Some of the new and very useful features were not mentioned before. For example, Fetcher2 (now renamed to just Fetcher) was changed to implement Hadoop’s Tool interface. With this change it is possible to override parameters from configuration files, like nutch-site.xml or hadoop-site.xml, on the command line.
If you’ve done some focused or vertical crawling you probably know that one or few unresponsive host(s) can slow down entire fetch, so one very useful feature added to Nutch 1.1 is the ability to skip queues (which can be translated to hosts) for URLS getting repeated exceptions. We made good use of that here at Sematext, in the Nutch project we just completed in April 2010.
Another improvement included in 1.1 release related to Nutch-Solr integration comes in a form of improved Solr schema that allows field mapping from Nutch to Solr index.

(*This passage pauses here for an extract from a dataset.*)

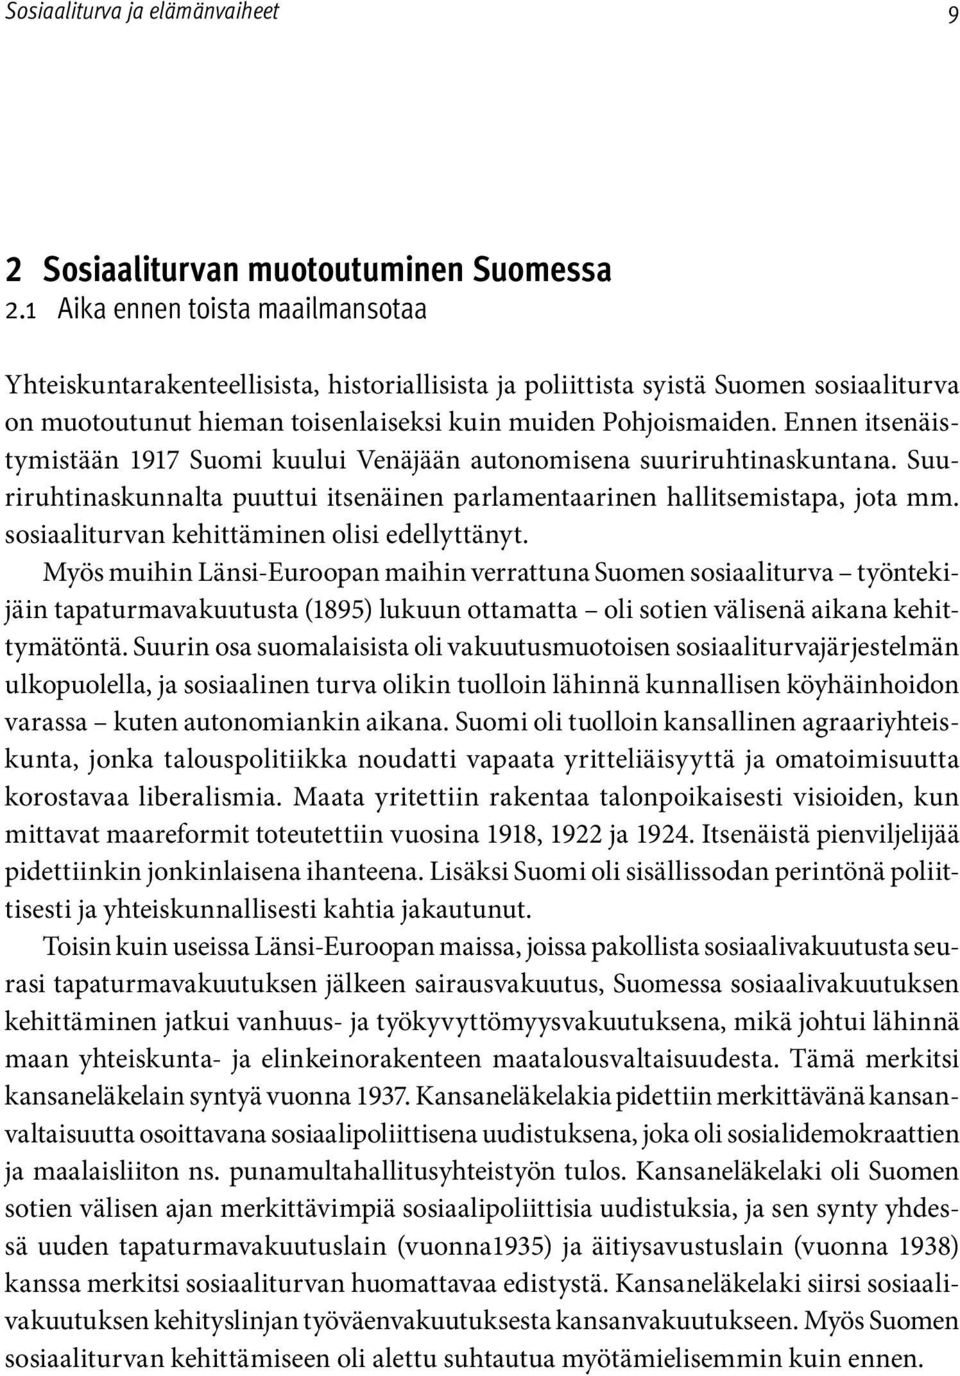 Ennen itsenäistymistään 1917 Suomi kuului Venäjään autonomisena suuriruhtinaskuntana. Suuriruhtinaskunnalta puuttui itsenäinen parlamentaarinen hallitsemistapa, jota mm.

One useful addition to Nutch’s injector is new functionality which allows user to inject metadata into the CrawlDB. Sometimes you need additional data, related to each URL, to be stored. Such external knowledge can later be used (e.g. indexed) by a custom plug-in. If we can all agree that storing arbitrary data in CrawlDb (with URL as a primary key) can be very useful, then migration to database oriented storage (like HBase) is only a logical step. This makes a good segue to the second part of this Digest…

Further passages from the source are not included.